What is required
Please produce an exact copy of only the lines from the one with "Black Wood Bedroom" through the last one of the material, without pictures.

--- Records for processing Enclosed Below ---

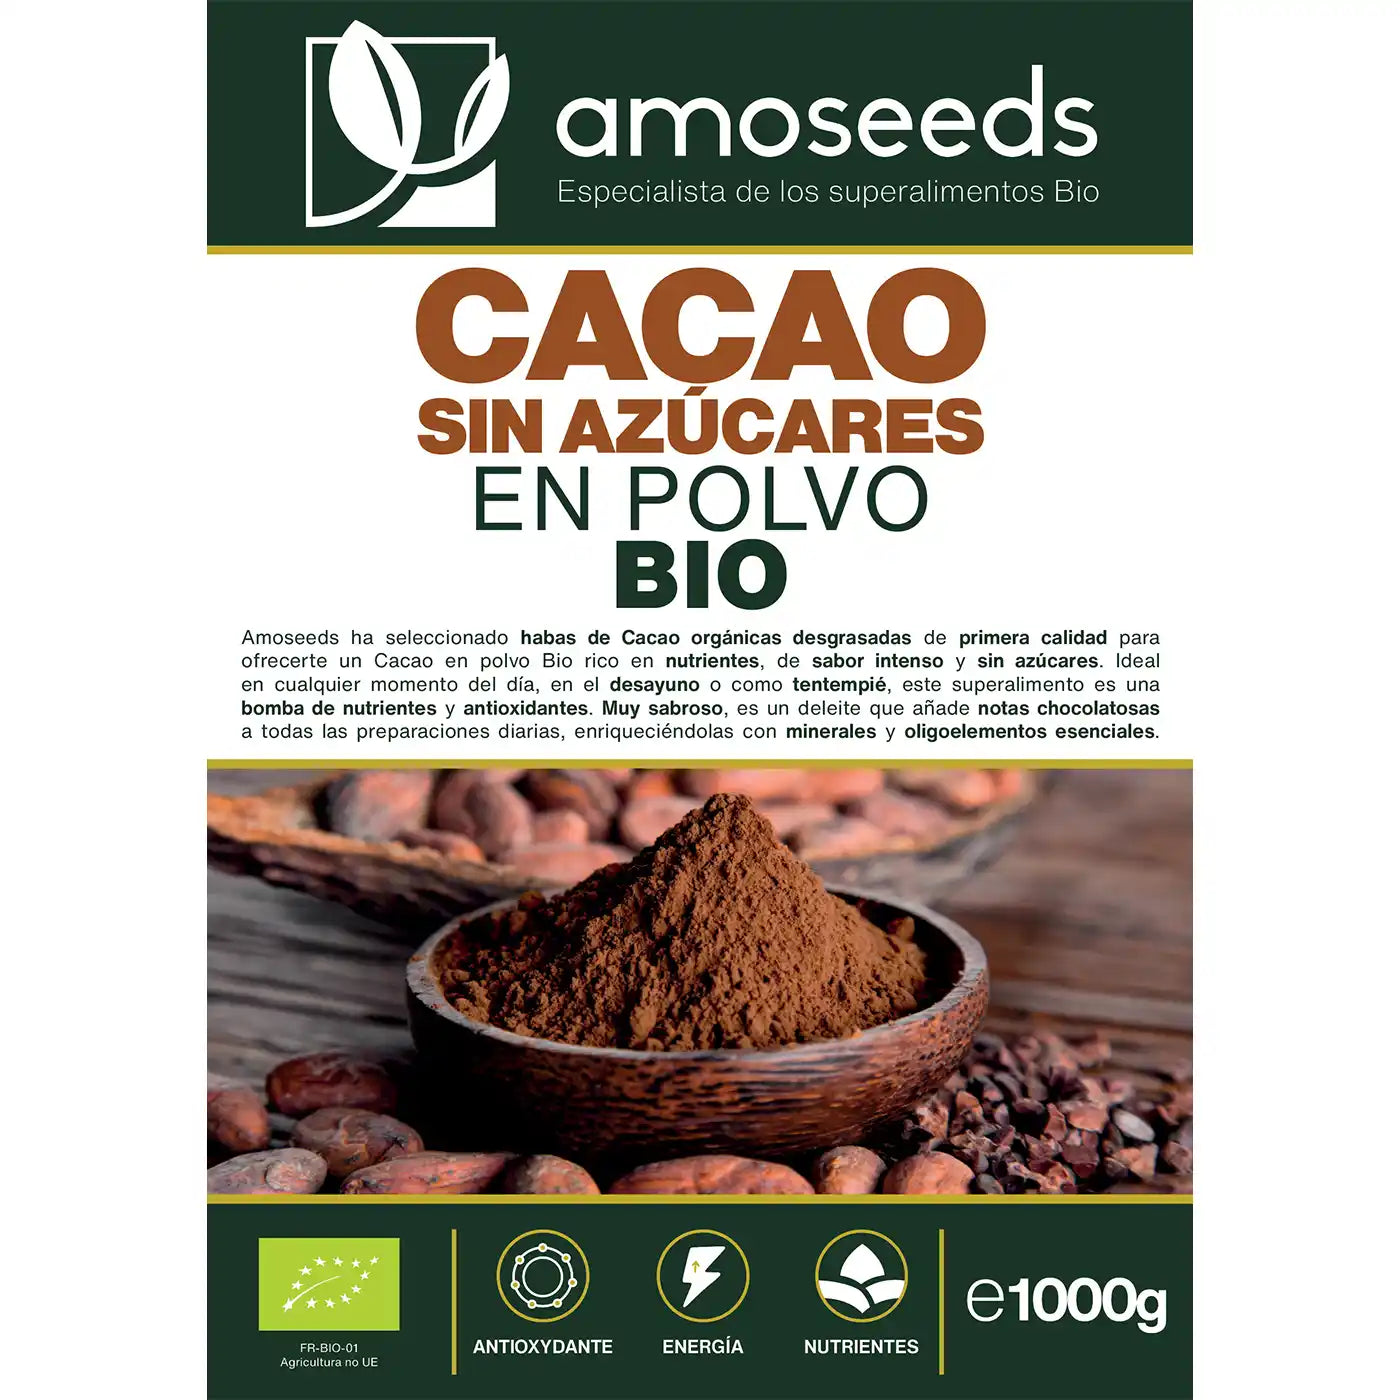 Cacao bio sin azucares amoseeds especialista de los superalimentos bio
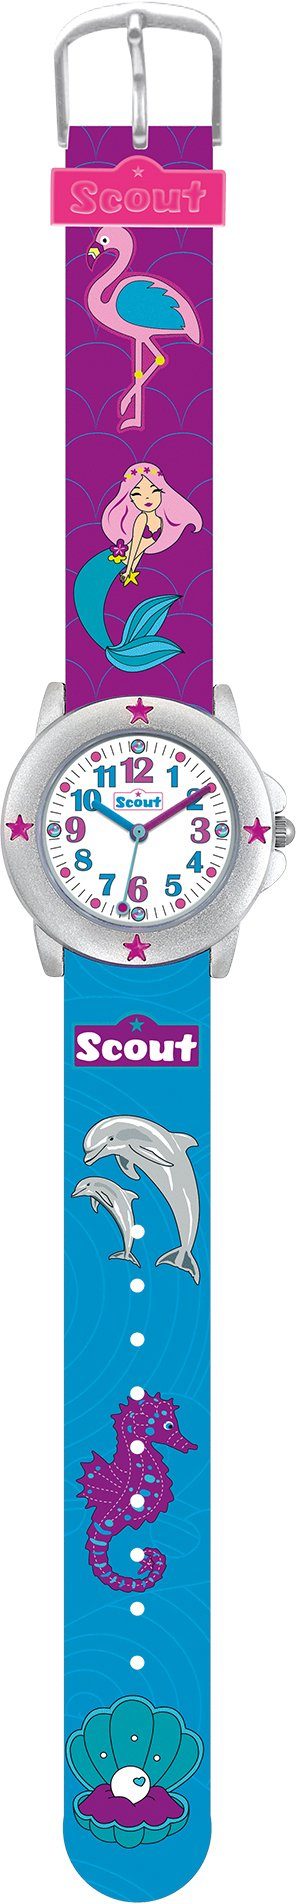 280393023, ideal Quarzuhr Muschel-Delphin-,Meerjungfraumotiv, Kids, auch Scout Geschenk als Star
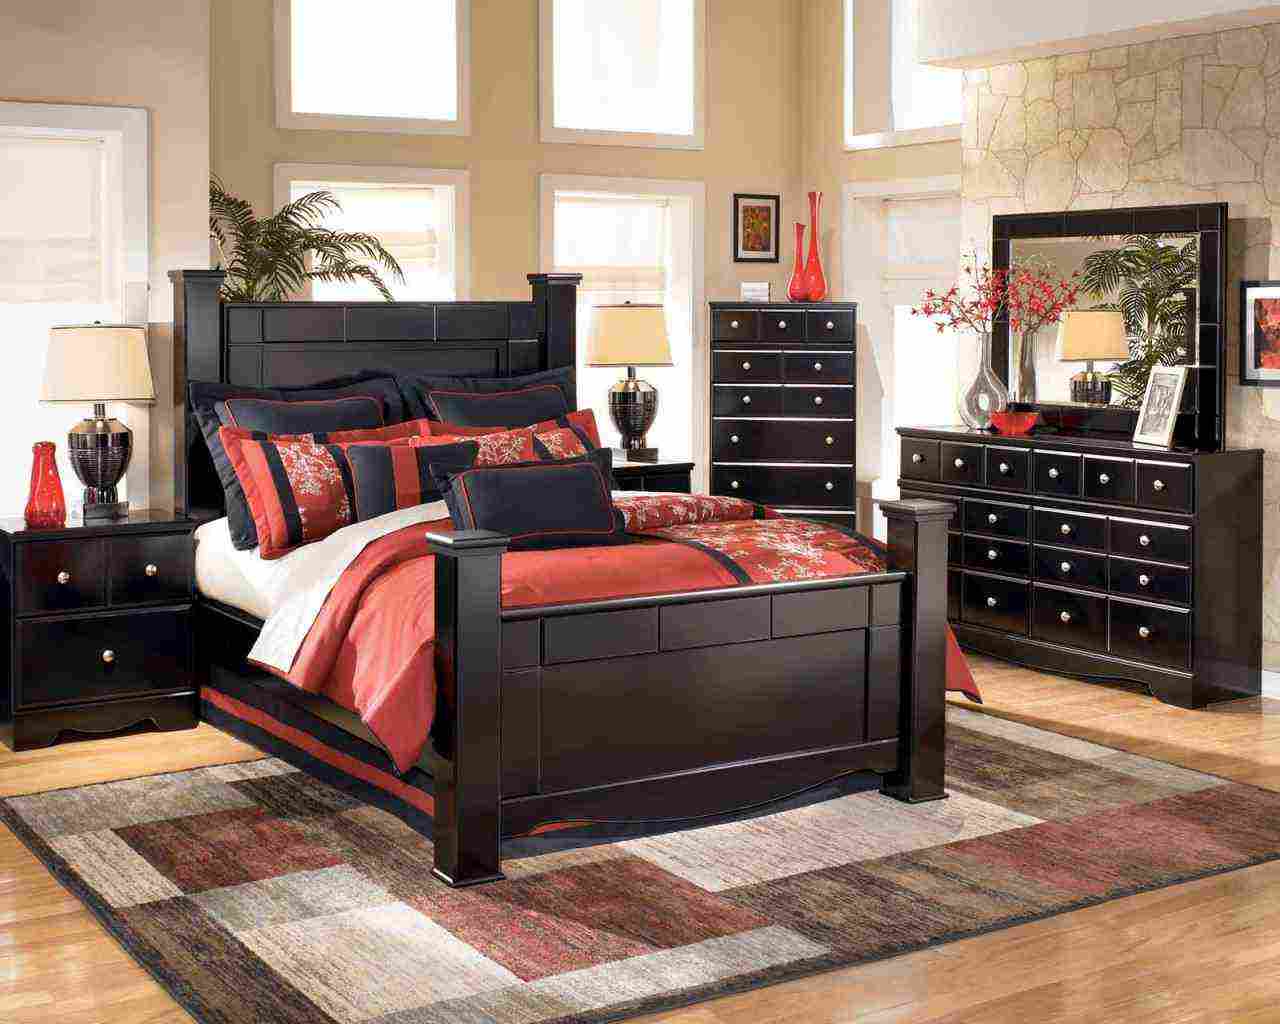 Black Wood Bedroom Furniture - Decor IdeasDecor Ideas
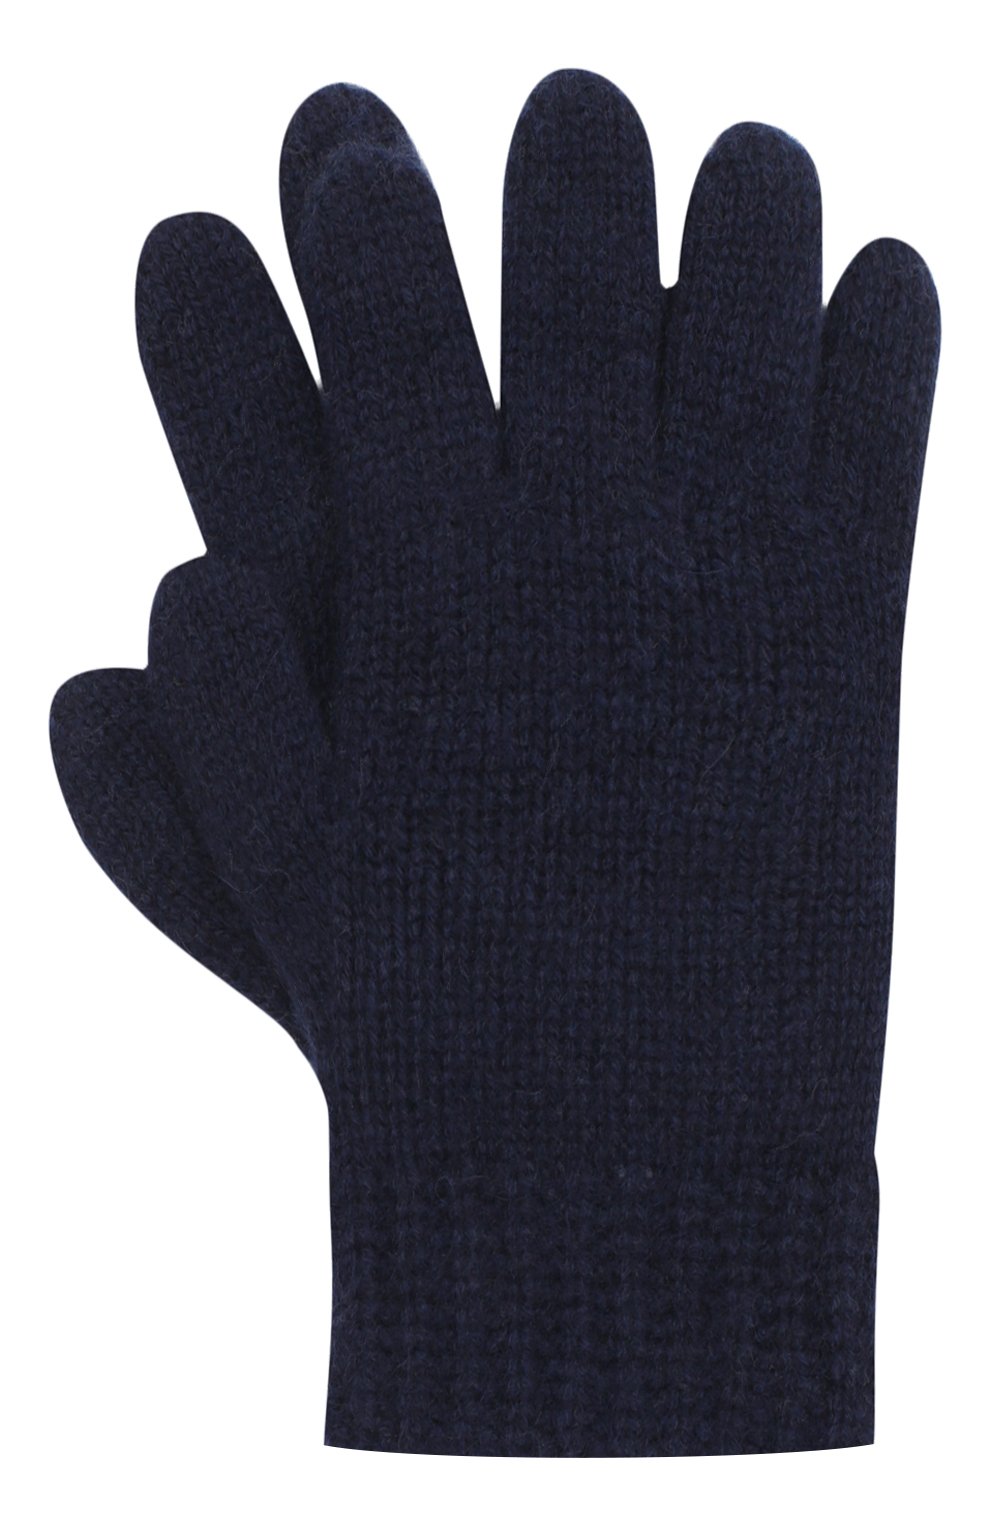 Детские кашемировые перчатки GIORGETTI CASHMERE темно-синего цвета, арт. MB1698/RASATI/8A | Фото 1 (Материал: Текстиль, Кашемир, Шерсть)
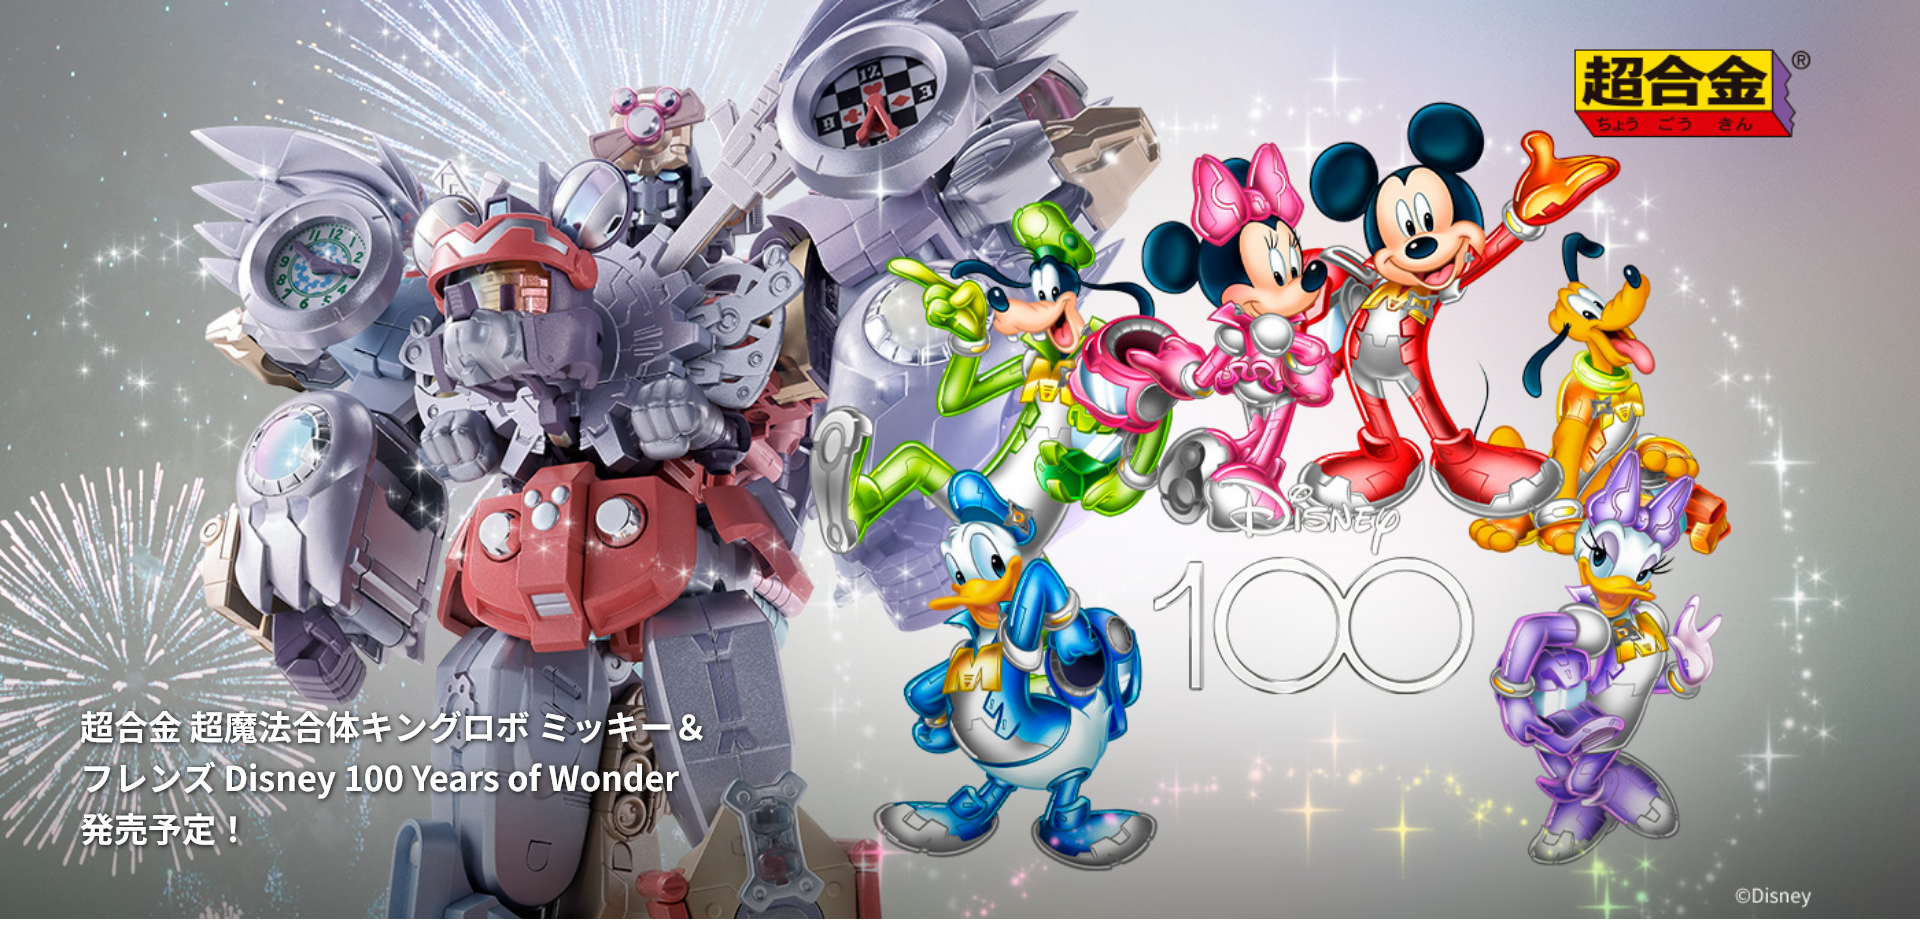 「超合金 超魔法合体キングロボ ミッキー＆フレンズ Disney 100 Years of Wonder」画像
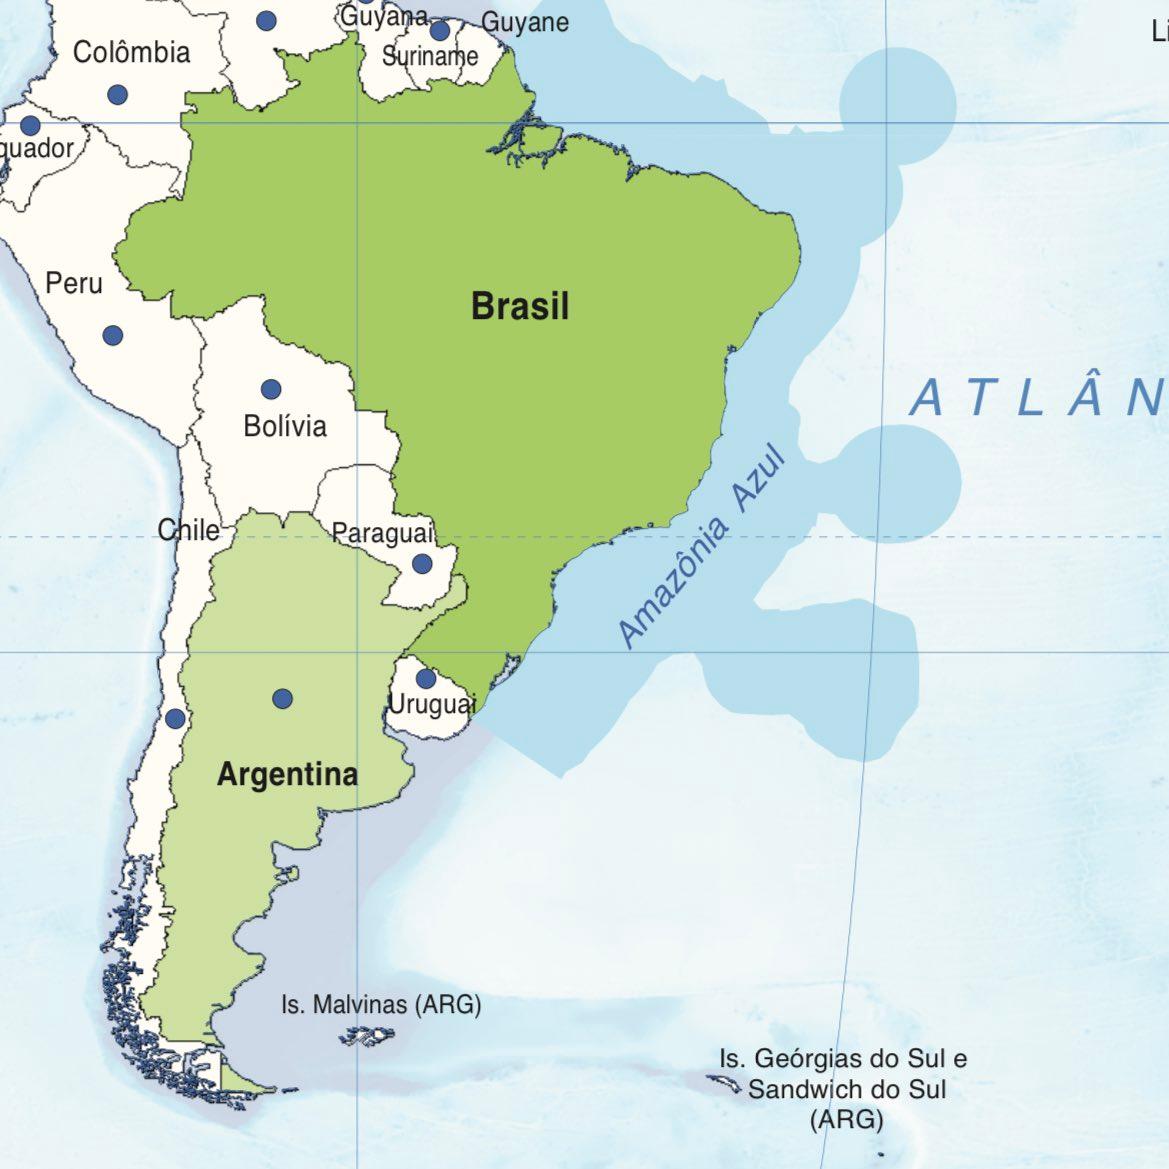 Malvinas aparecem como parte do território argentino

--- End of Enclosed Records for processing ---

Written response
 Black Wood Bedroom Furniture - Decor IdeasDecor Ideas
 Детские кашемировые перчатки GIORGETTI CASHMERE темно-синего цвета, арт. MB1698/RASATI/8A | Фото 1 (Материал: Текстиль, Кашемир, Шерсть)
 「超合金 超魔法合体キングロボ ミッキー＆フレンズ Disney 100 Years of Wonder」画像
 Malvinas aparecem como parte do território argentino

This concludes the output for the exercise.